The book corner: Dogging the man in the iron mask

  • 11 November 2022
Justice in Kelly Country: The story of the cop who hunted Australia’s most notorious bushrangers by Lachlan Strahan. Monash University Publishing As I prepared to read Justice in Kelly Country, I mused on the challenge of the task faced by the author. The life of a policeman whose career stretched over thirty years encompasses so many events and relationships. When a significant part of that story is intermeshed with such a fiercely contested story as Ned Kelly’s, telling it introduces the further complexities of the writer’s sympathies and judgments.

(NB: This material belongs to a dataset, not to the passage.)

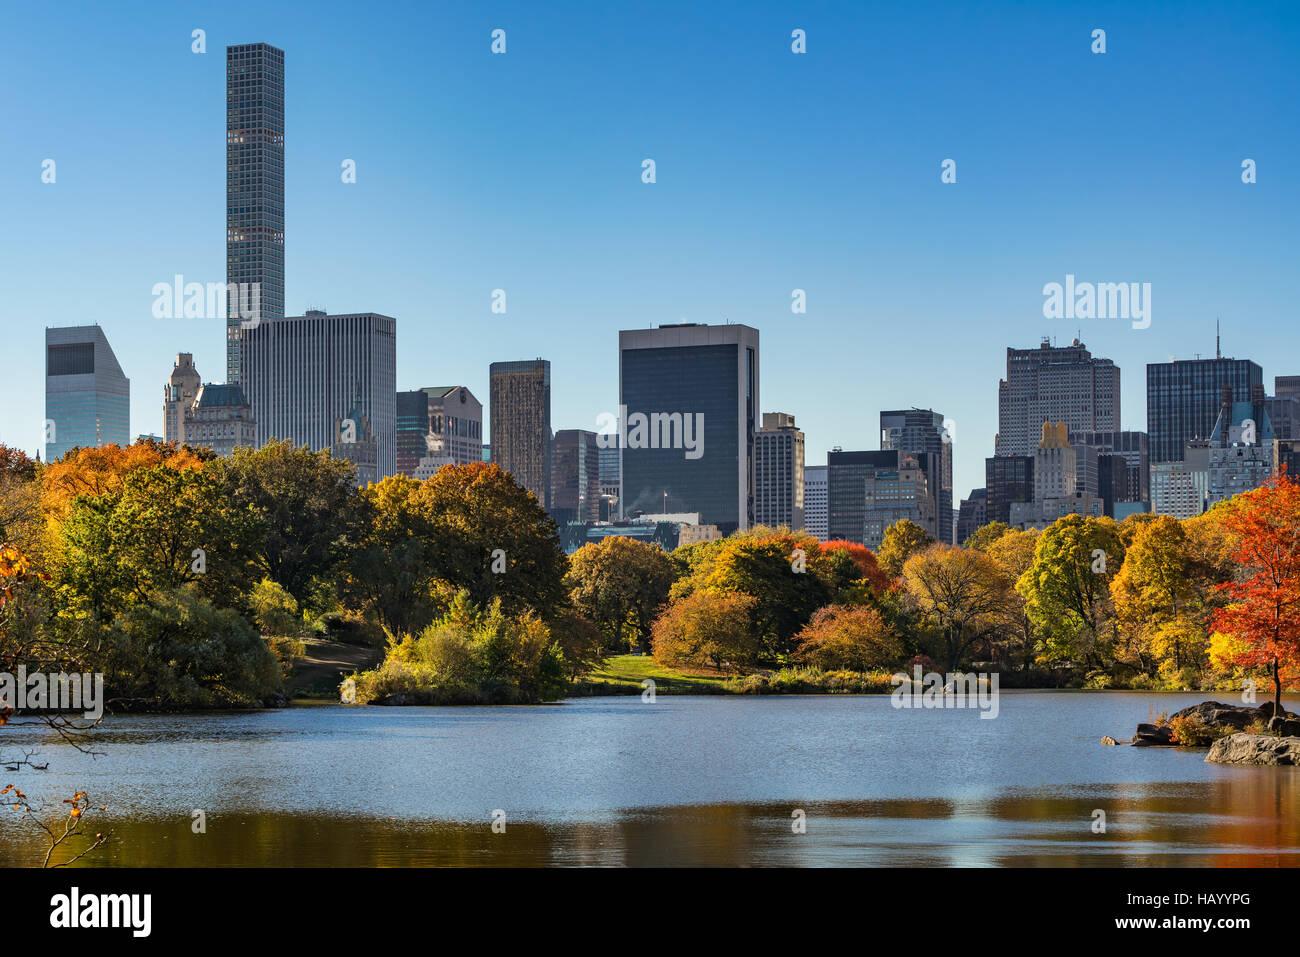 Otoño en Central Park en el lago con rascacielos de Midtown. Por la mañana vista con colorido follaje Imagen De Stock

The question of sympathies is raised by the man on the cover of this book. Lachlan Strahan is writing on the life of Anthony Strahan, his great-great-grandfather. Furthermore, like the Third Murderer in Shakespearian plays, Anthony Strahan has been remembered only for his part in the tragedy of Ned Kelly, in which he is allowed to speak only a single line that defines him. According to the notoriously unreliable Pat Quinn, Ned’s uncle, Strahan said he would ‘shoot Ned Kelly down like a dog’. This evidently made a strong impression on Ned, who repeats the line in his Jerilderie Letter. Later writers have used it to characterise Anthony Strahan and the behaviour of the police at the time.

This background suggested that the book might be an Apologia in which the author tries to set the record straight. It is far more than that. Lachlan Strahan is careful in his analysis of evidence and self-reflective about his family ties. Indeed, one strand of the book concerns his relationship with his father, who was a great defender of Ned Kelly, proud of his own Scottish ancestry, and who blamed his policeman ancestor for his part in hunting Ned down and forcing him to commit greater crimes. In the course of his research the writer discovered that Anthony and his siblings were actually Protestants from Ireland. Lachlan’s father, it seems, had transferred to his great-grandfather the hostility he felt towards his own father for his neglect and lack of interest. The writer proves himself alive to the risk of prejudice in his task.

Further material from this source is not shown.